Supplied information ->
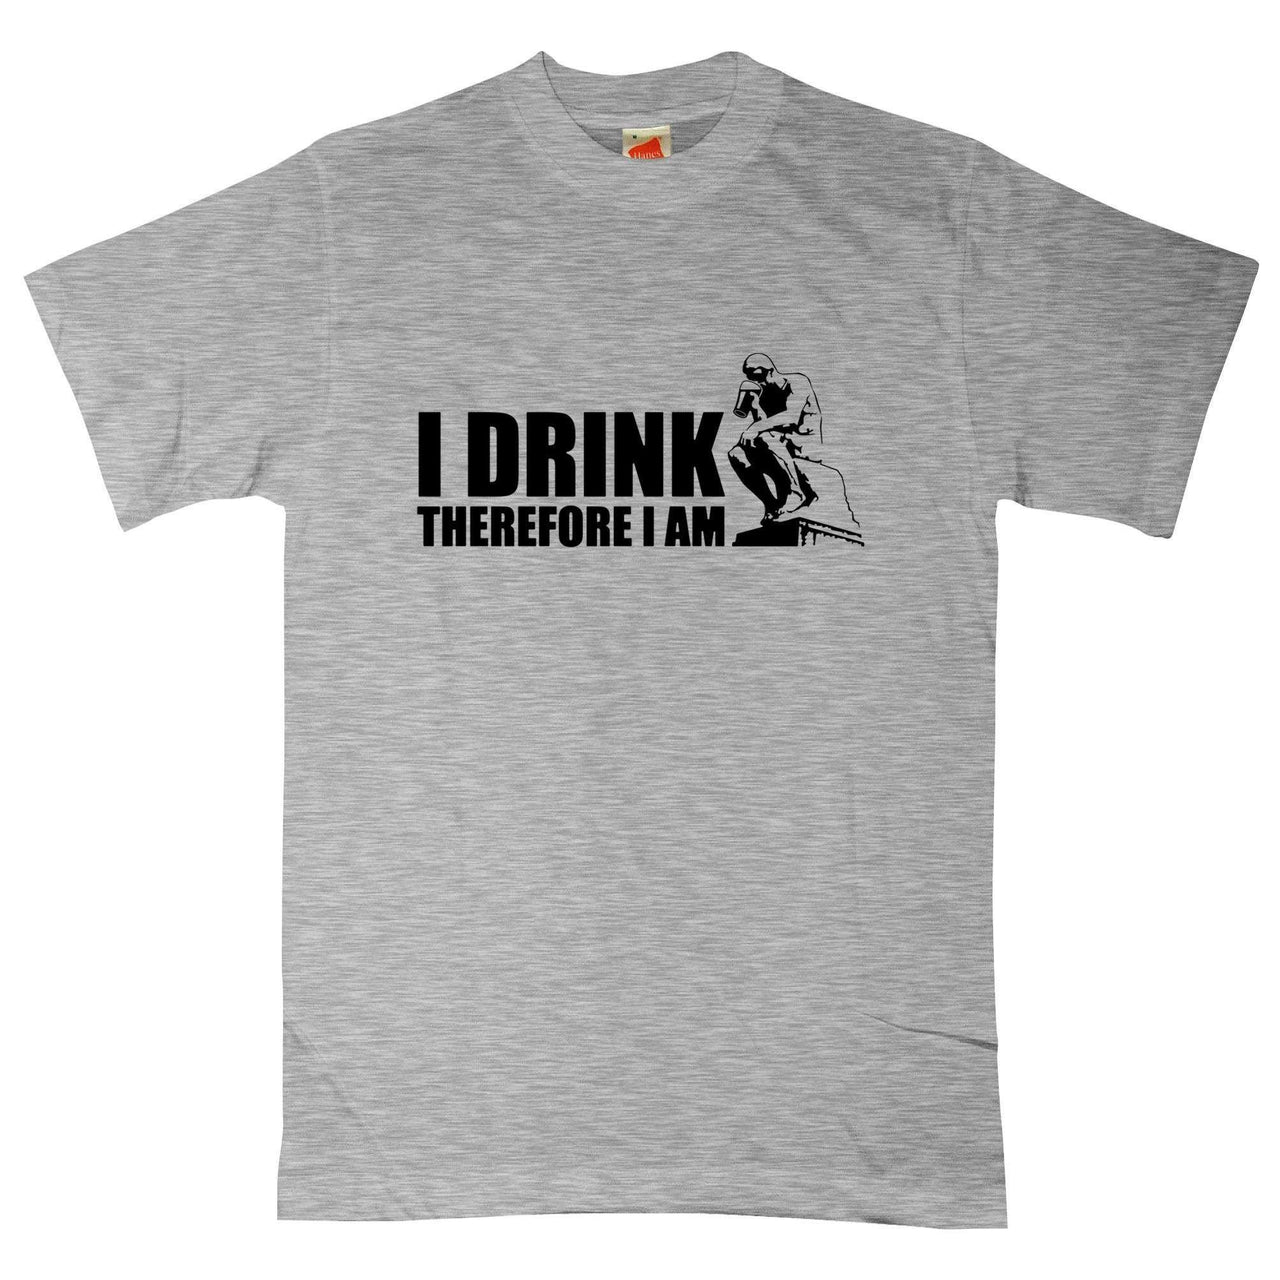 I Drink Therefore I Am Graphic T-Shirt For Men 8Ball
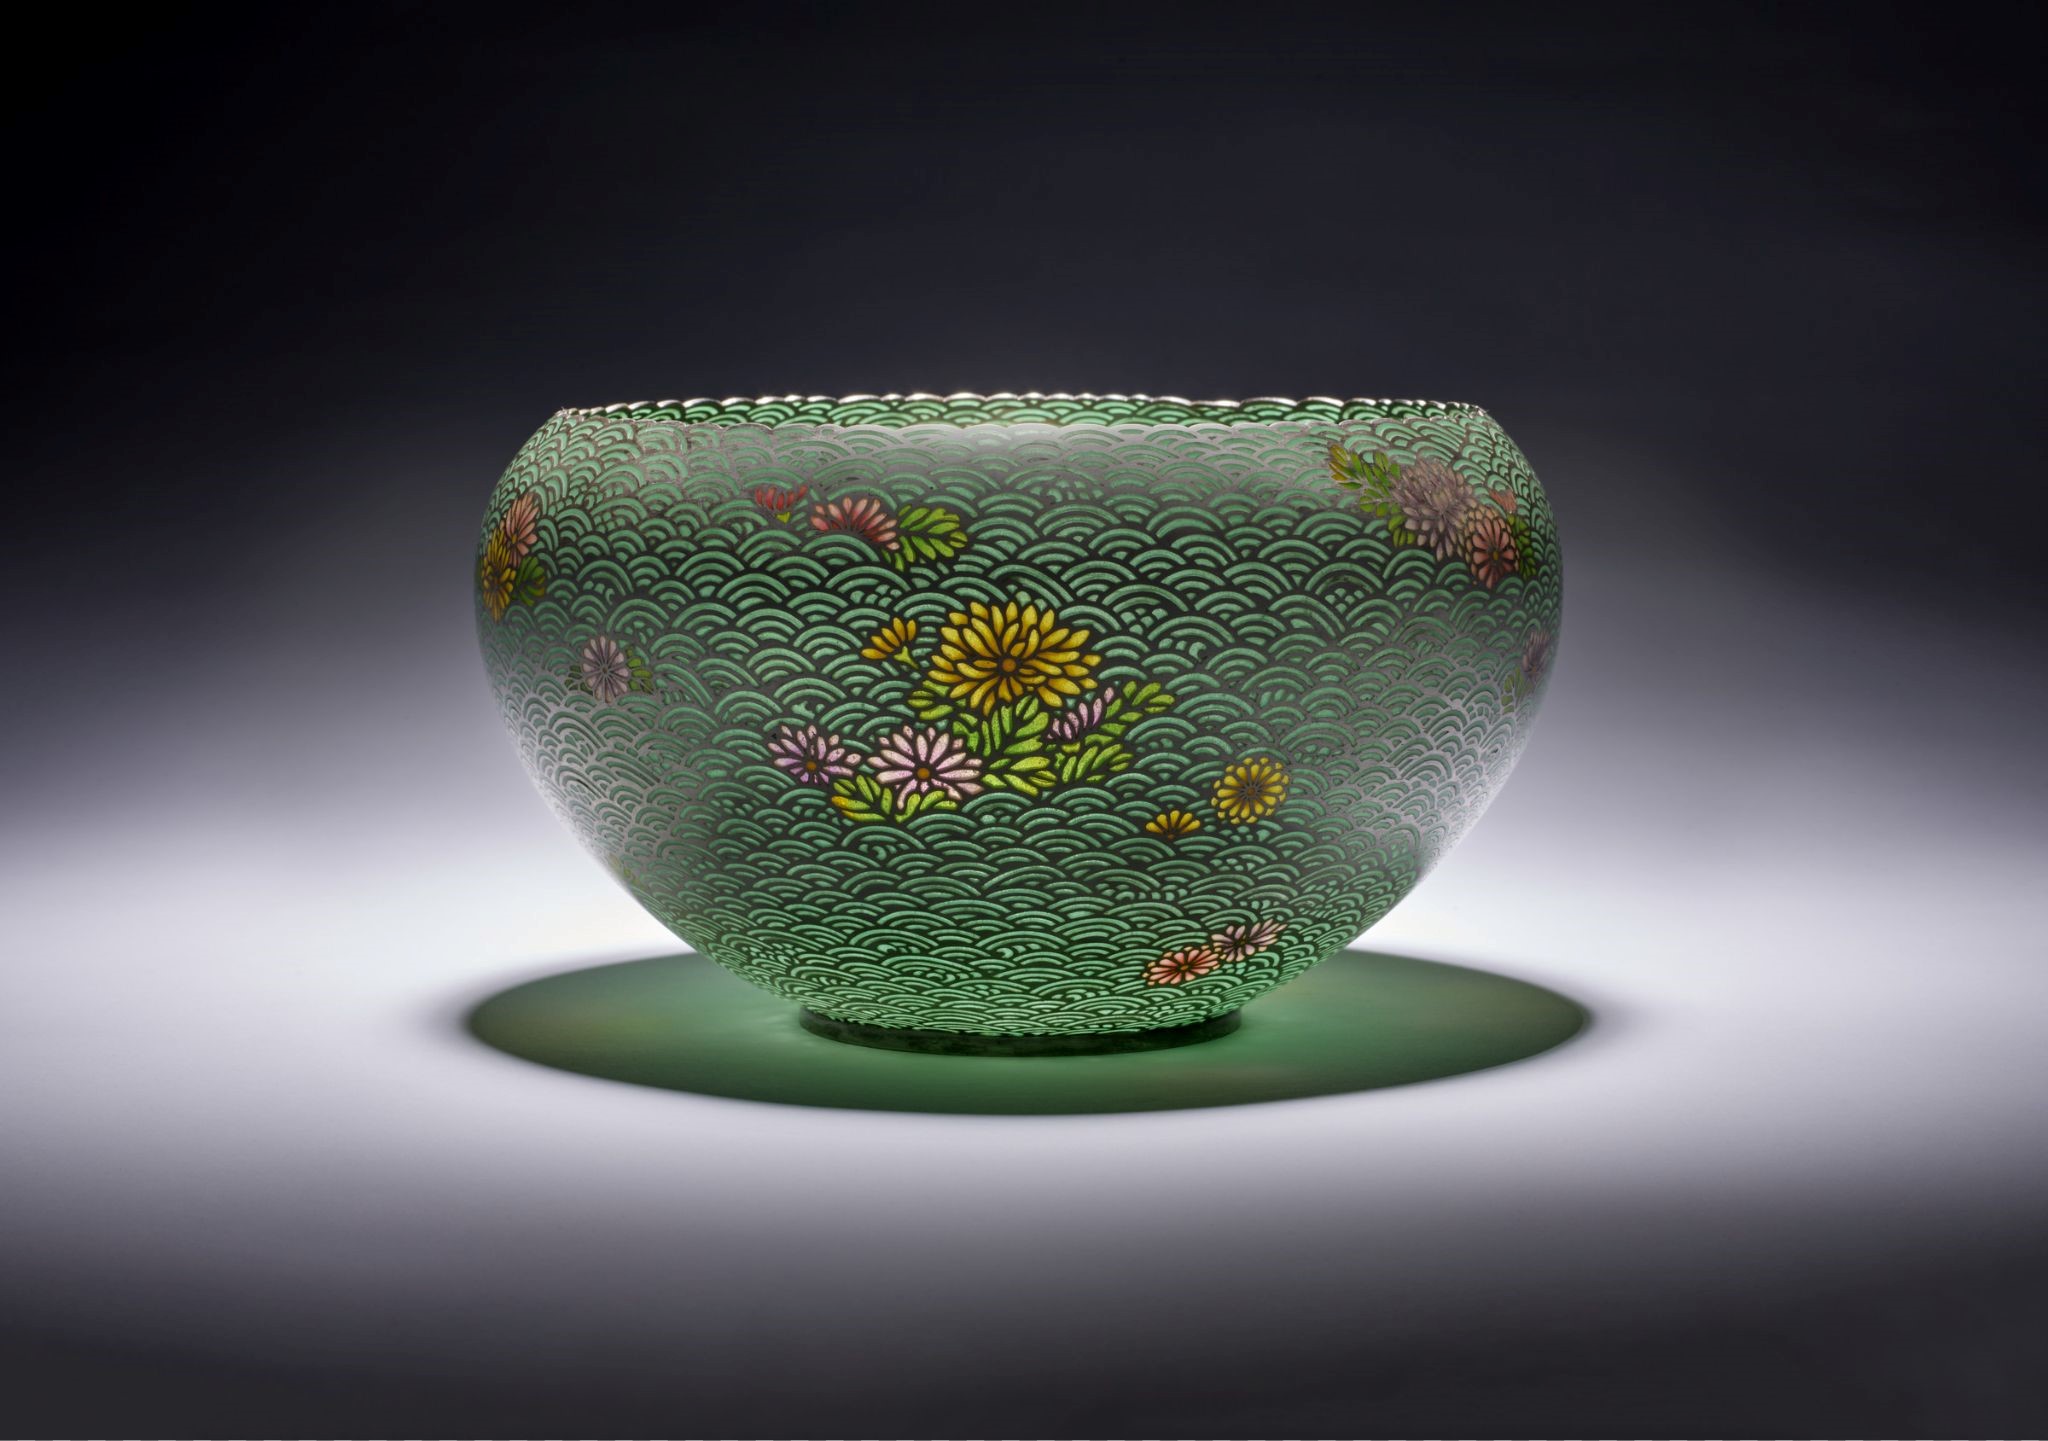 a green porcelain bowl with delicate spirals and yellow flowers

...

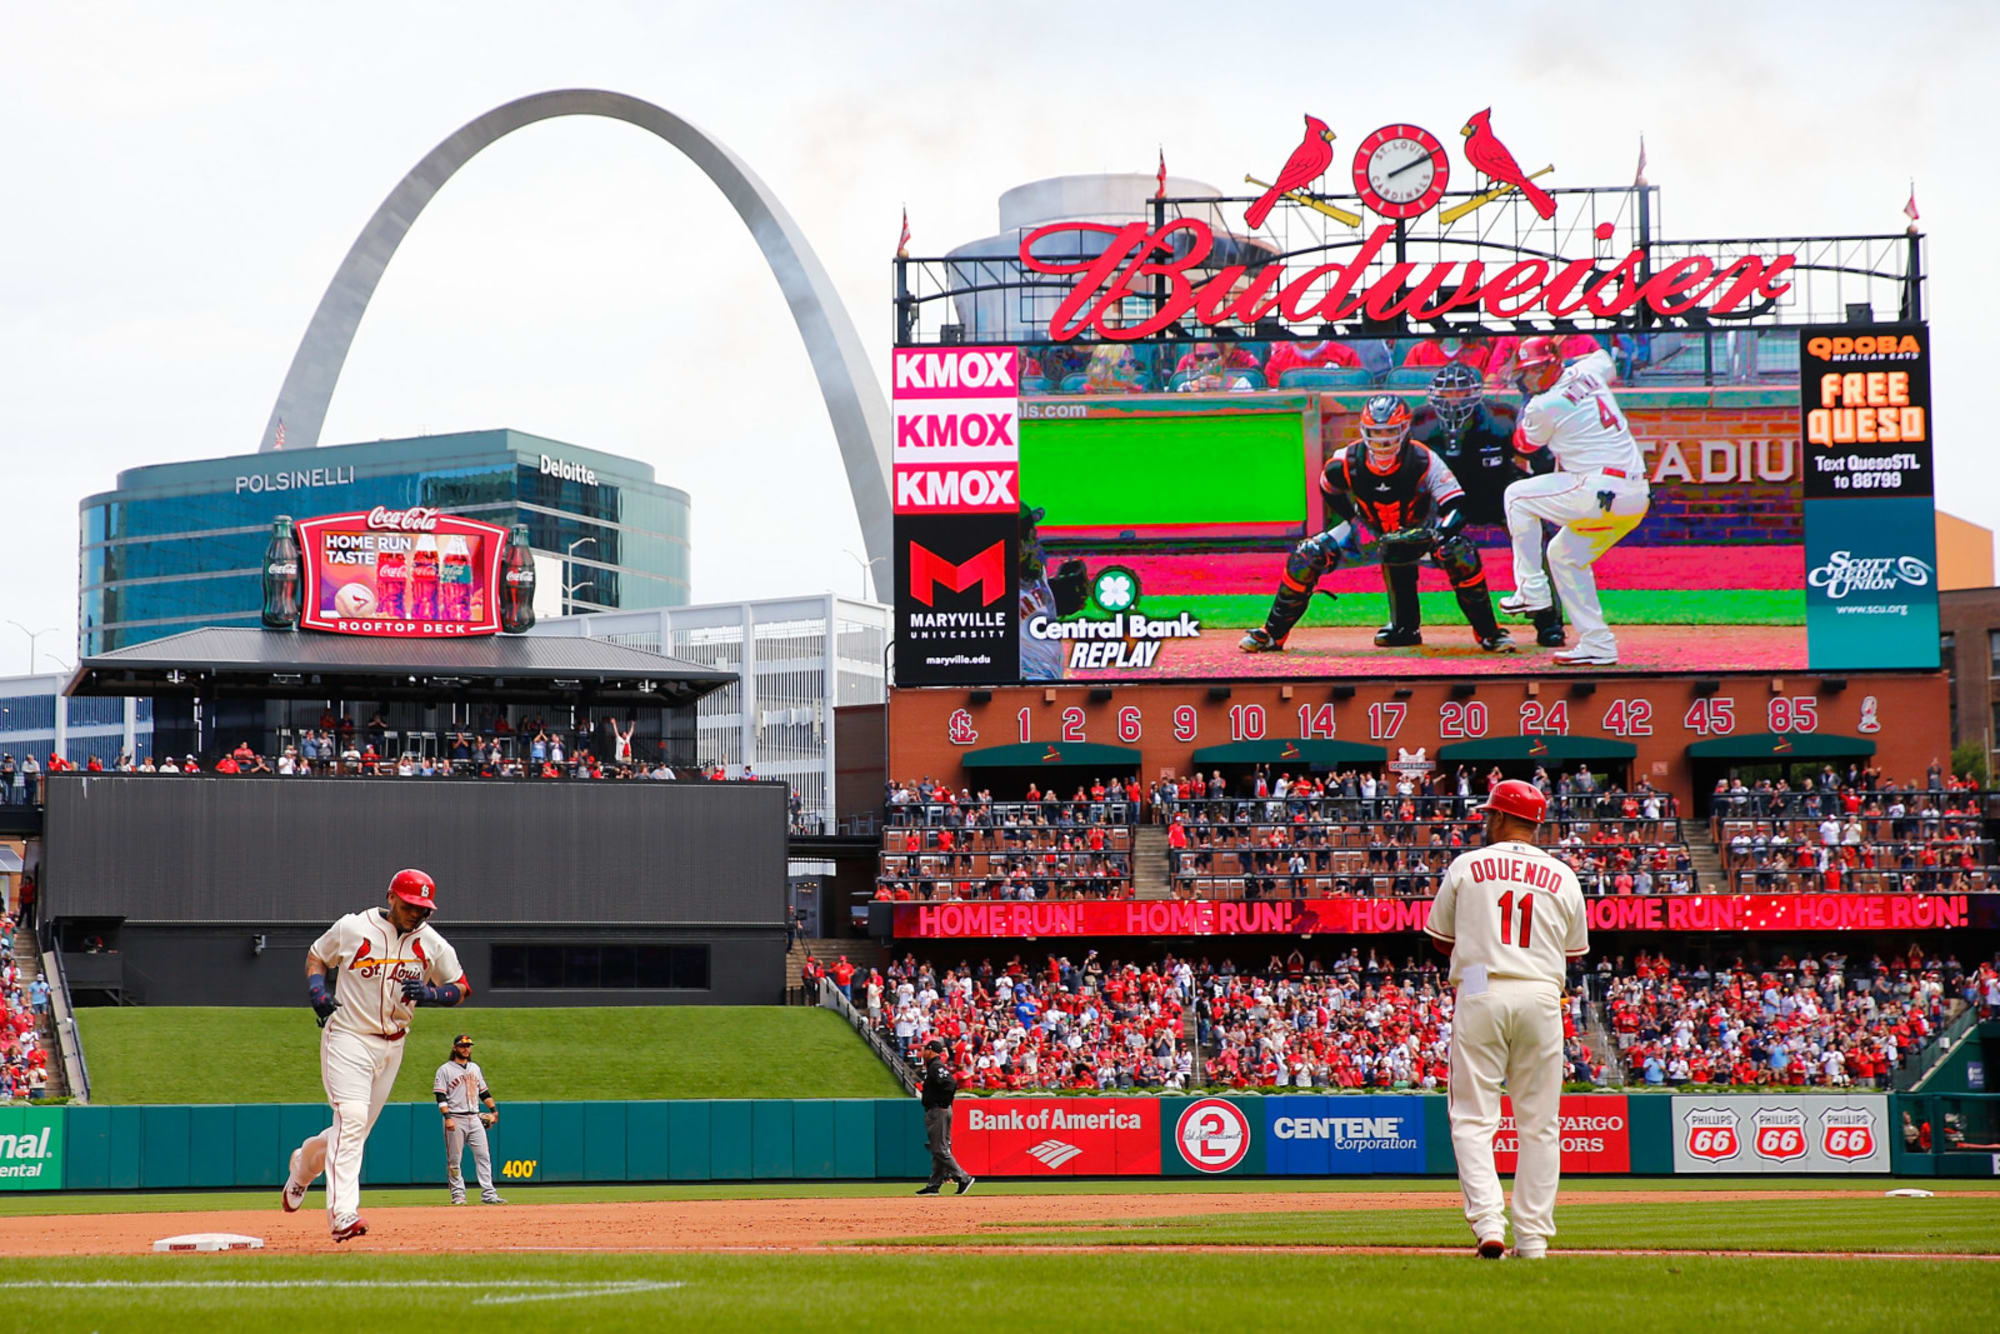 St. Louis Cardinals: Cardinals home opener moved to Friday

Your task -> Restate word for word every line from the one with "I Drink Therefore" up to and including the one with "a green porcelain" in the records above, minus the pictures.

Answer to this exercise ->
 I Drink Therefore I Am Graphic T-Shirt For Men 8Ball
 a green porcelain bowl with delicate spirals and yellow flowers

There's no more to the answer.